## TASK PROMPT
In the copy, every line of the material that follows must appear exactly, and no pictures should.

## PROVIDED MATERIAL
#####
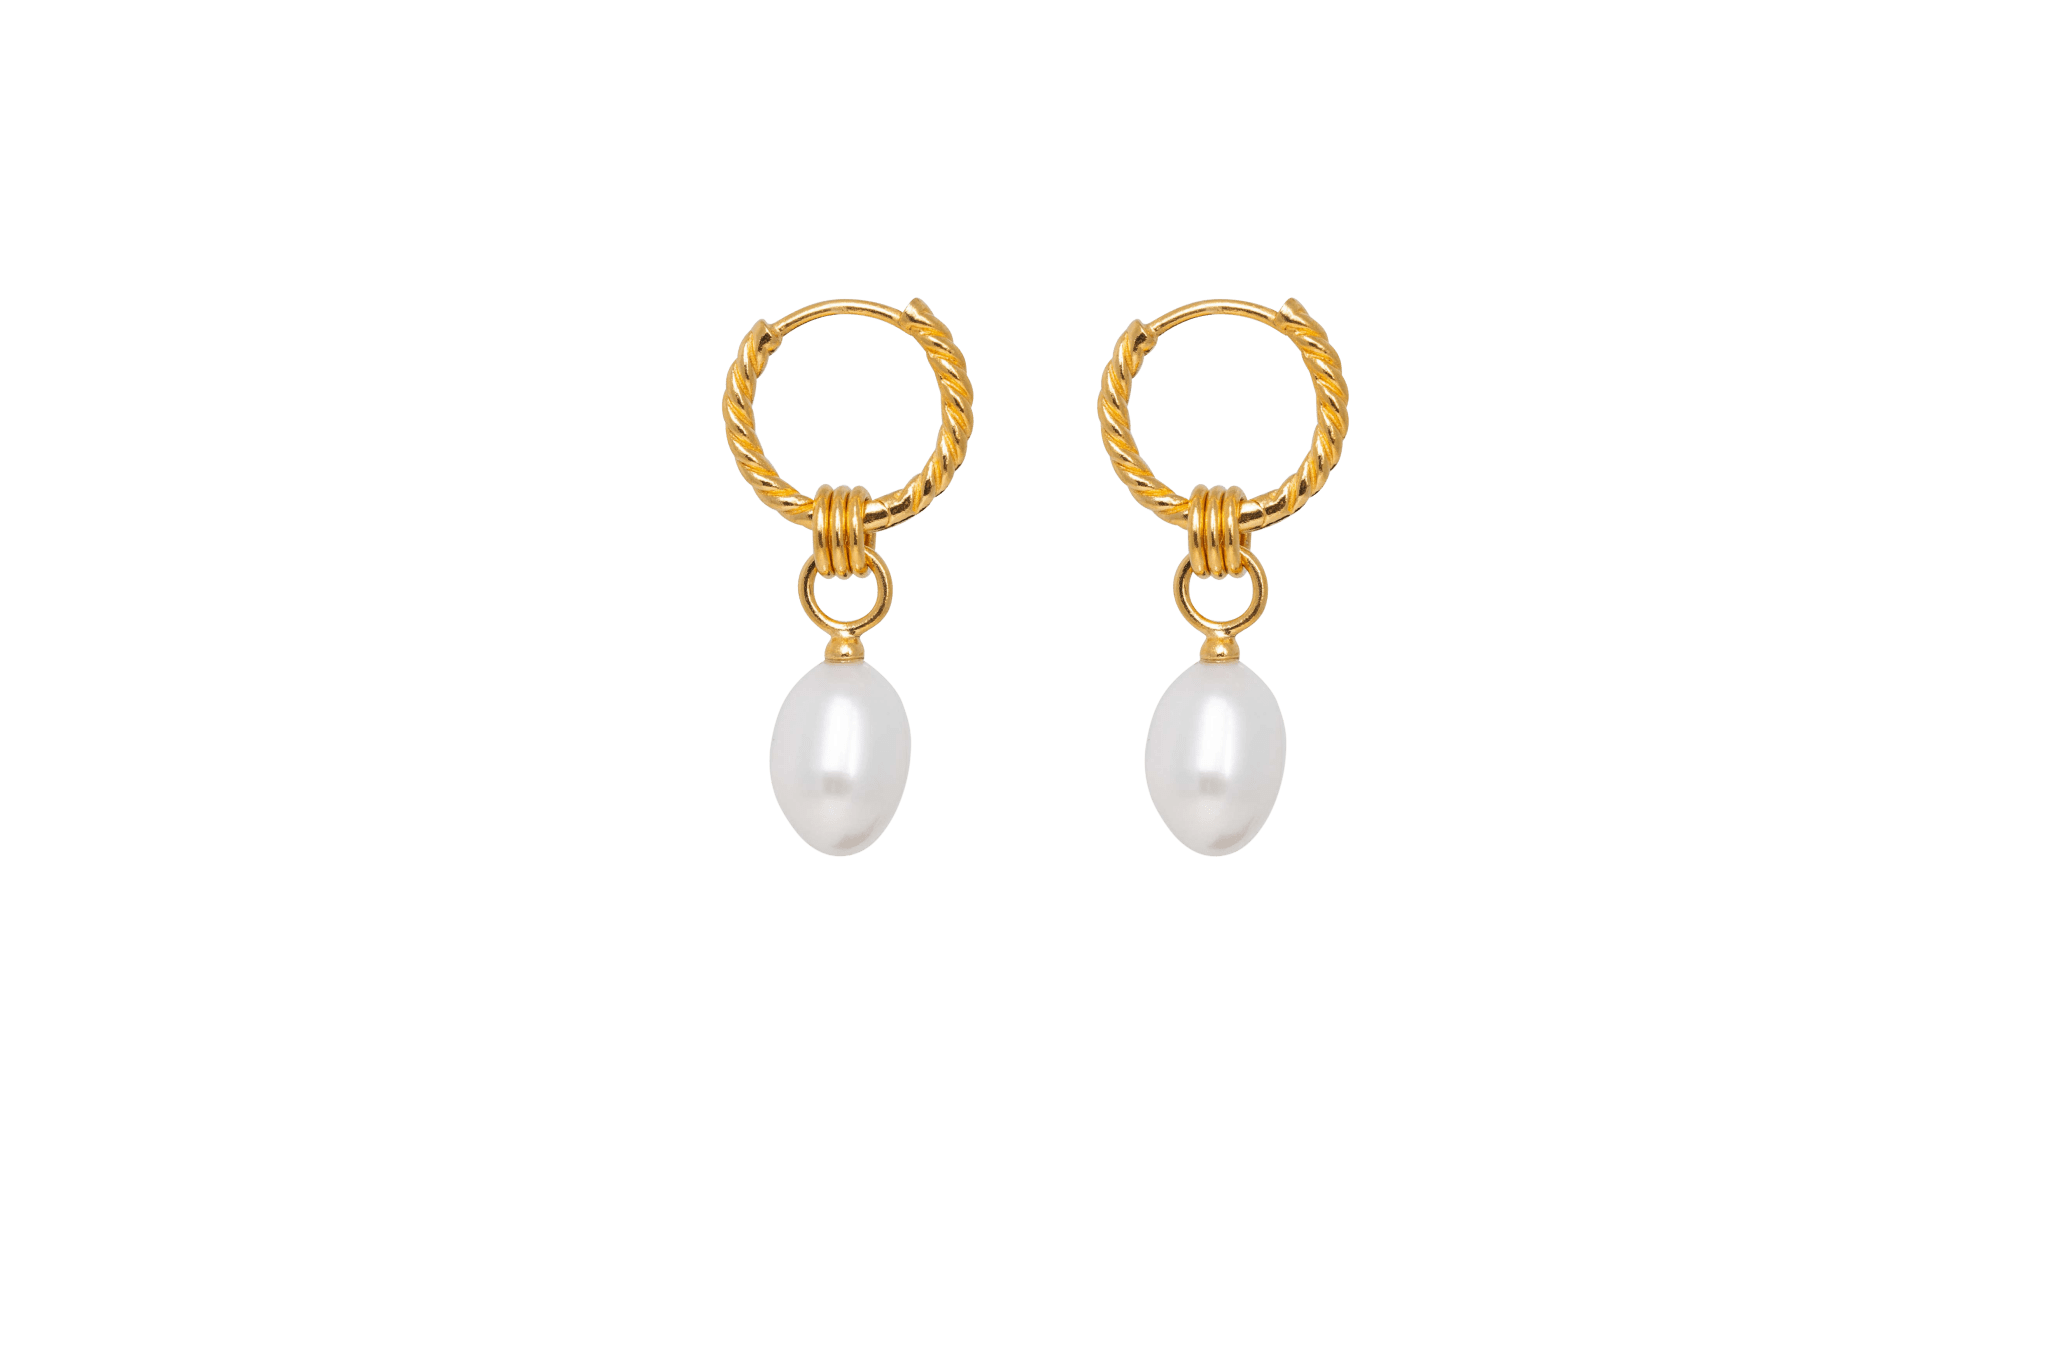 IX Ocean Pearl Earrings
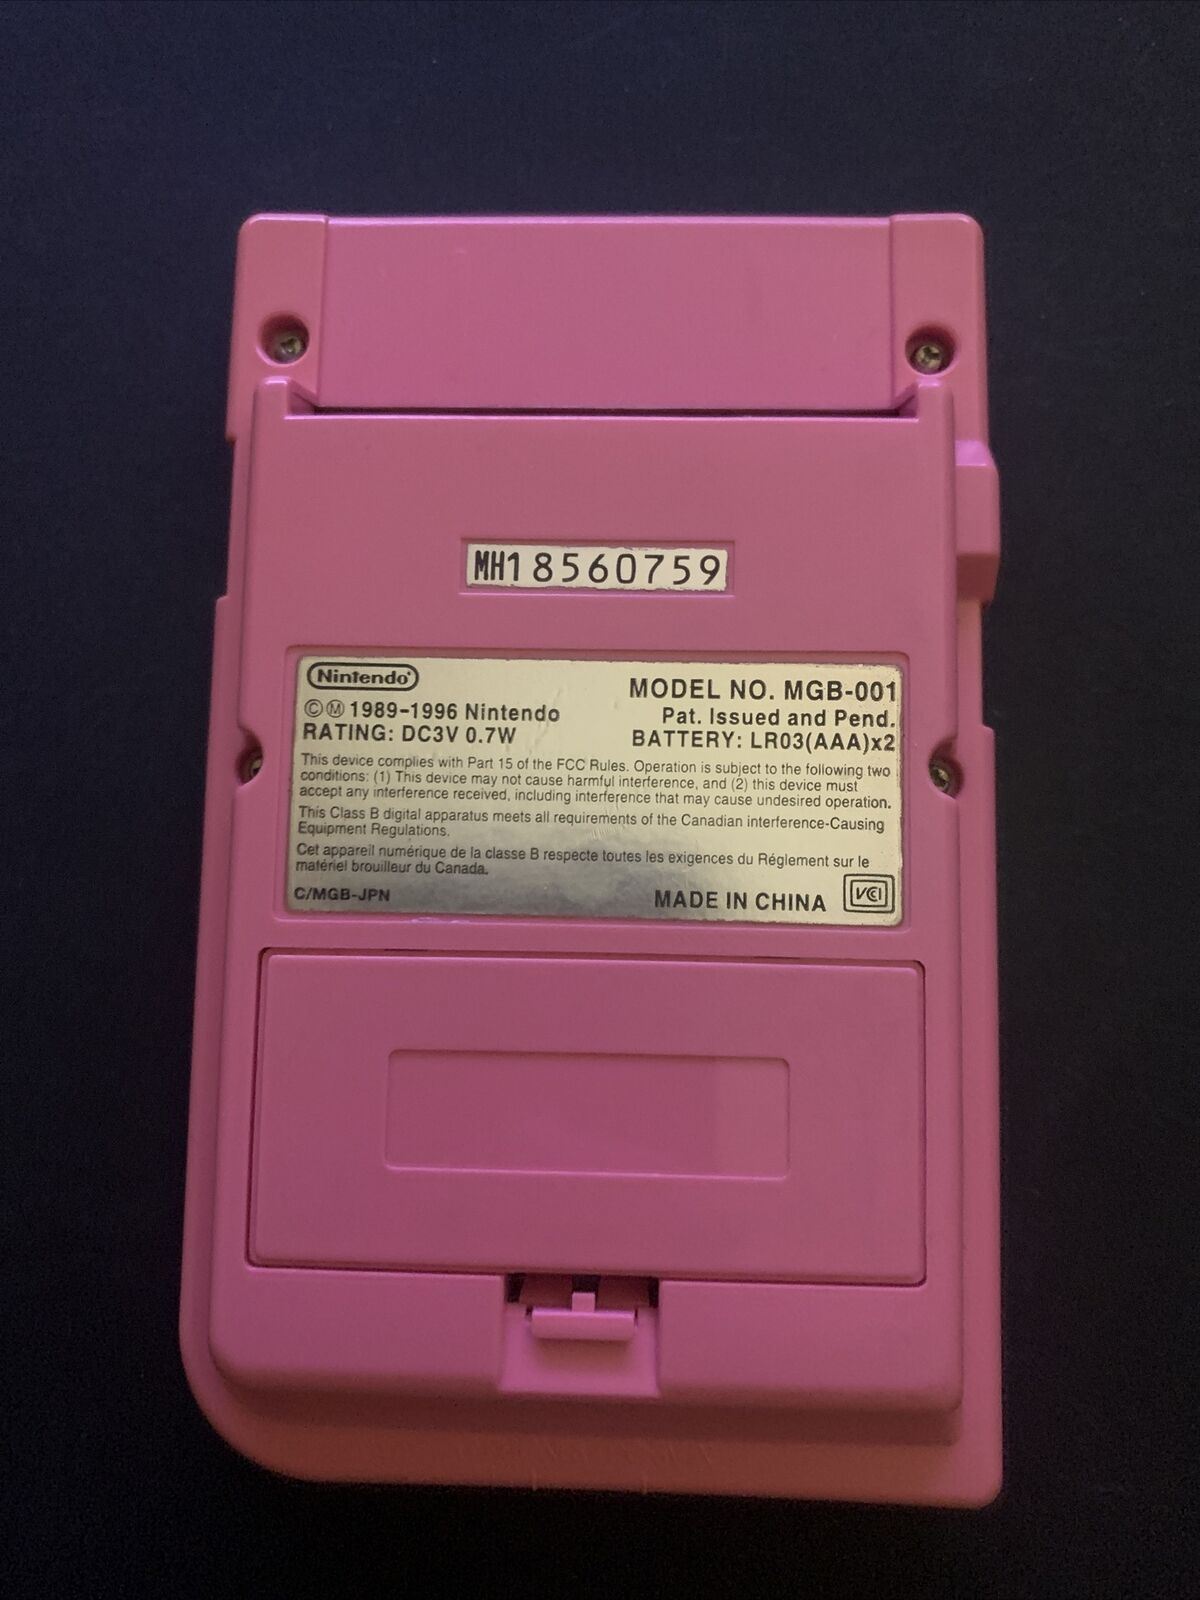 Nintendo Game Boy Pocket Pink Handheld Console - Pink Limited Edition
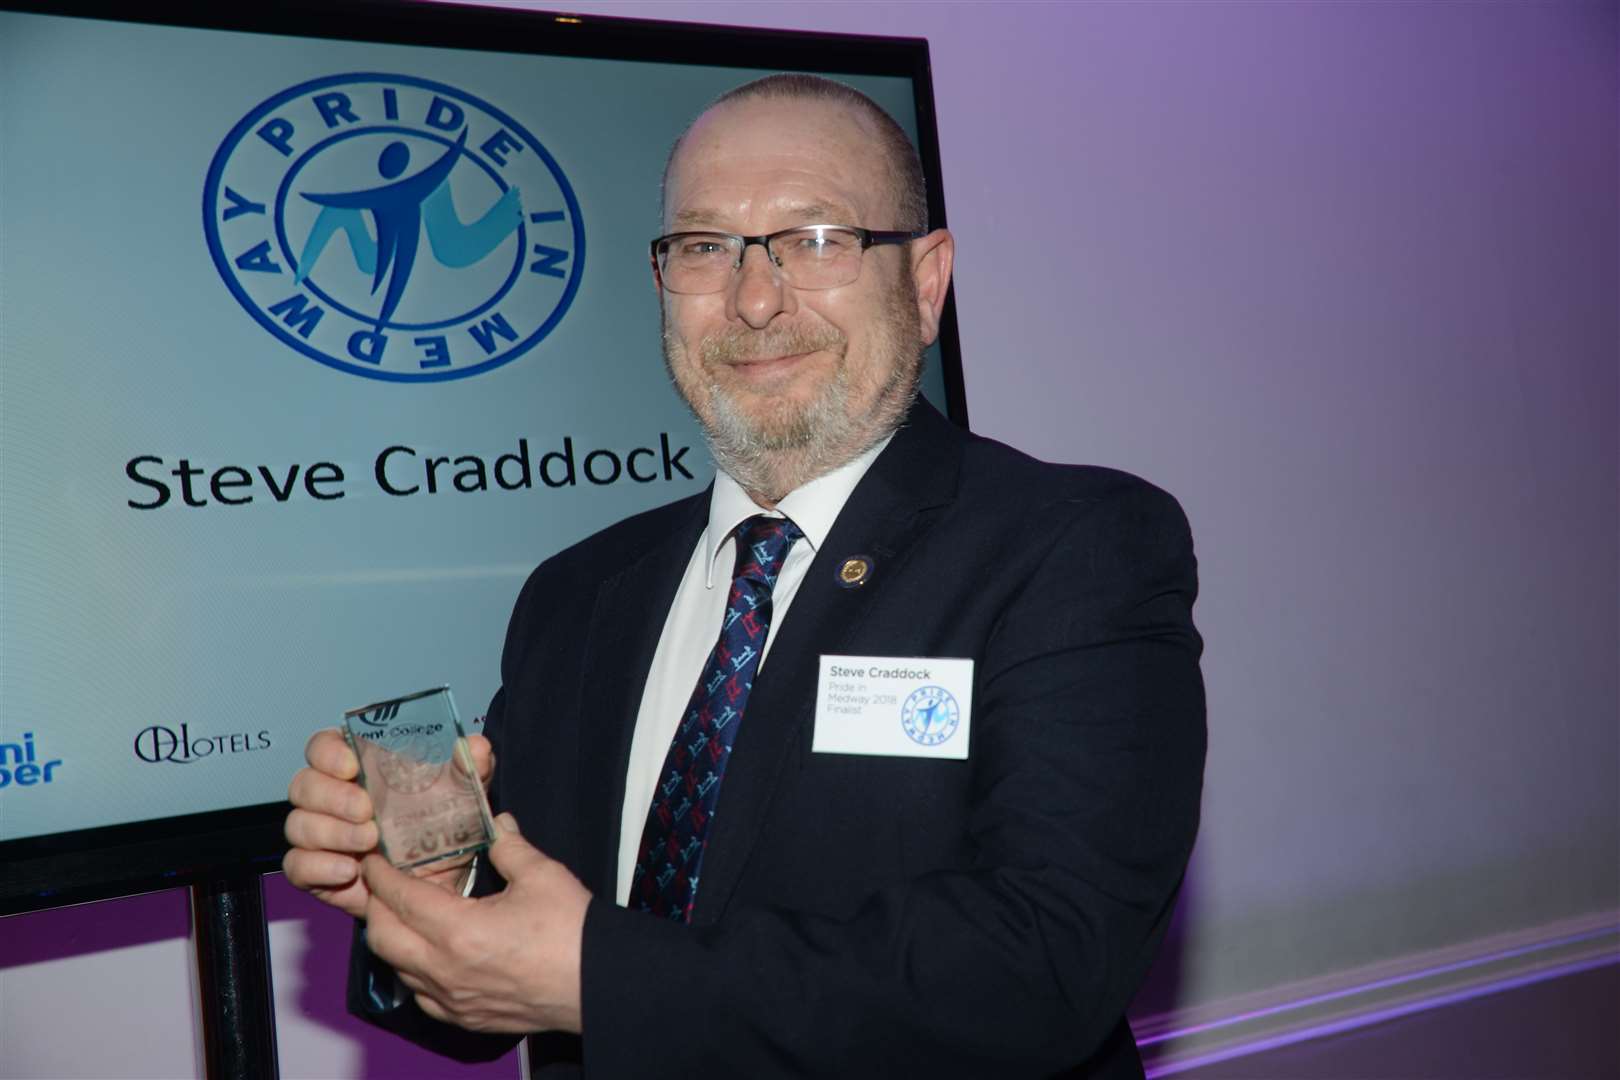 AQrmy veteran Steve Craddock was presented a.Pride in Medway award
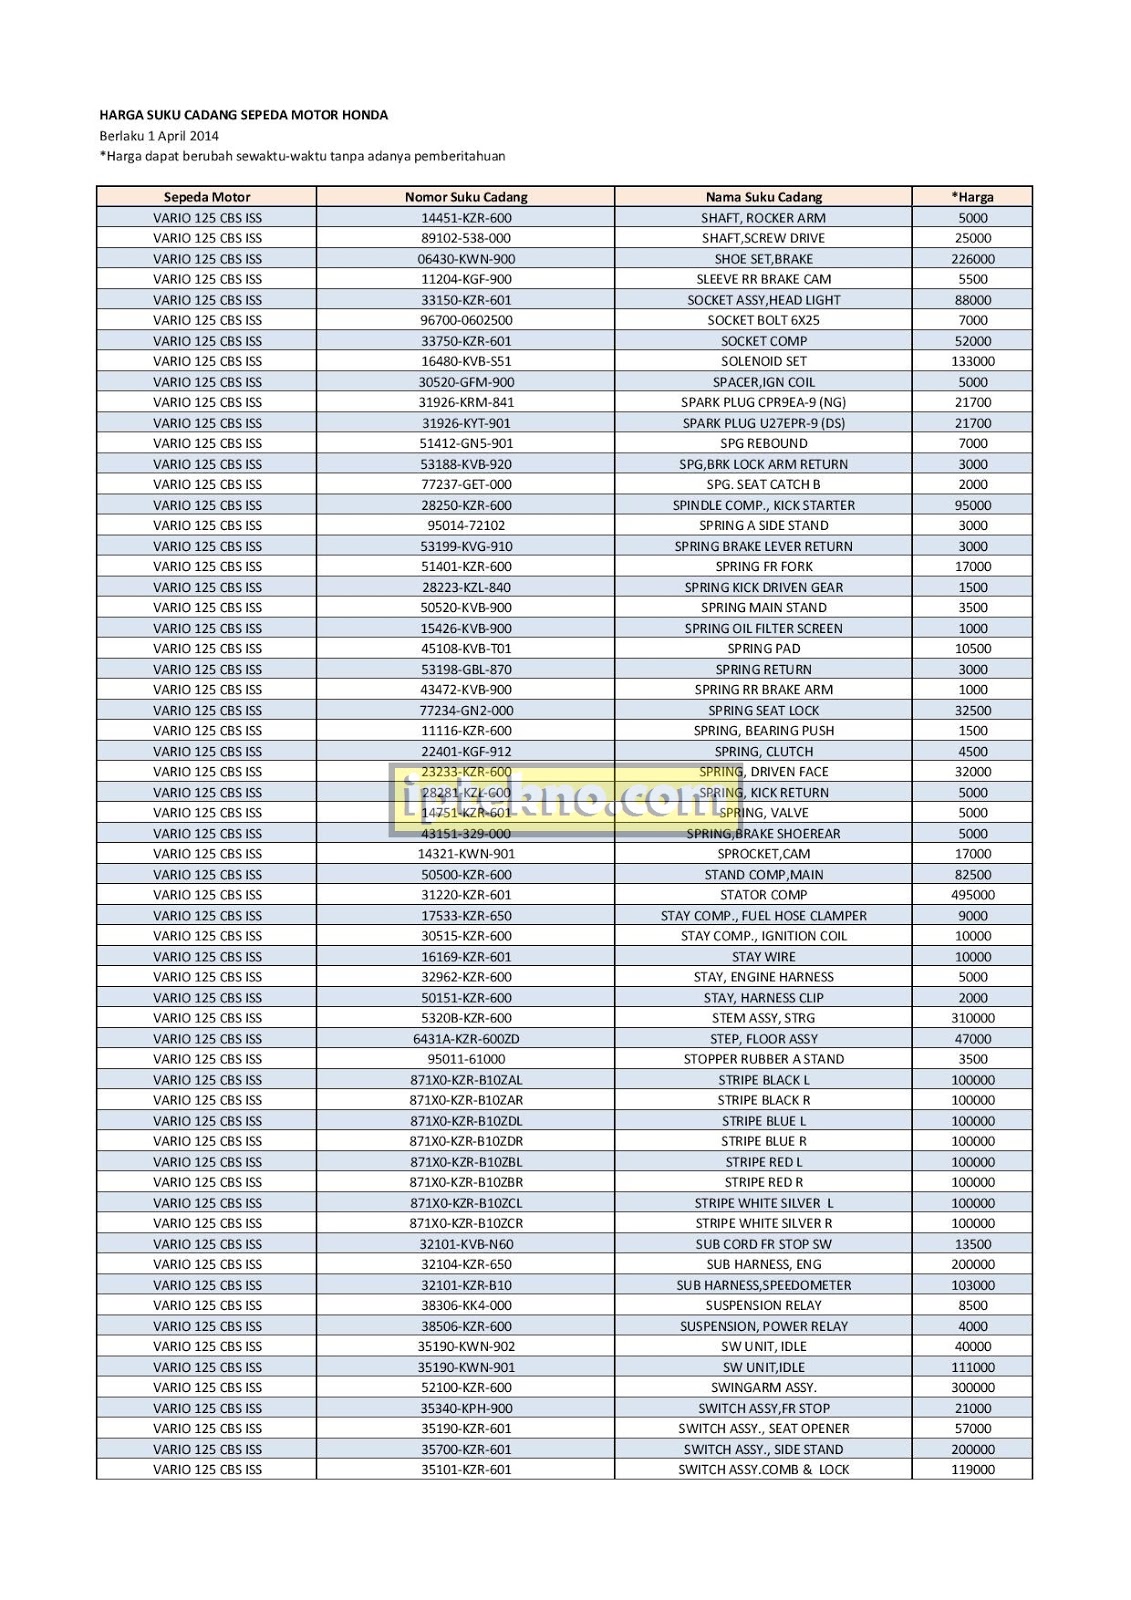 Daftar Harga Suku Cadang Motor Honda Revo - motorkemana
#####
## YOUR RESPONSE
 IX Ocean Pearl Earrings
 Nintendo Game Boy Pocket Pink Handheld Console - Pink Limited Edition
 AQrmy veteran Steve Craddock was presented a.Pride in Medway award
 Daftar Harga Suku Cadang Motor Honda Revo - motorkemana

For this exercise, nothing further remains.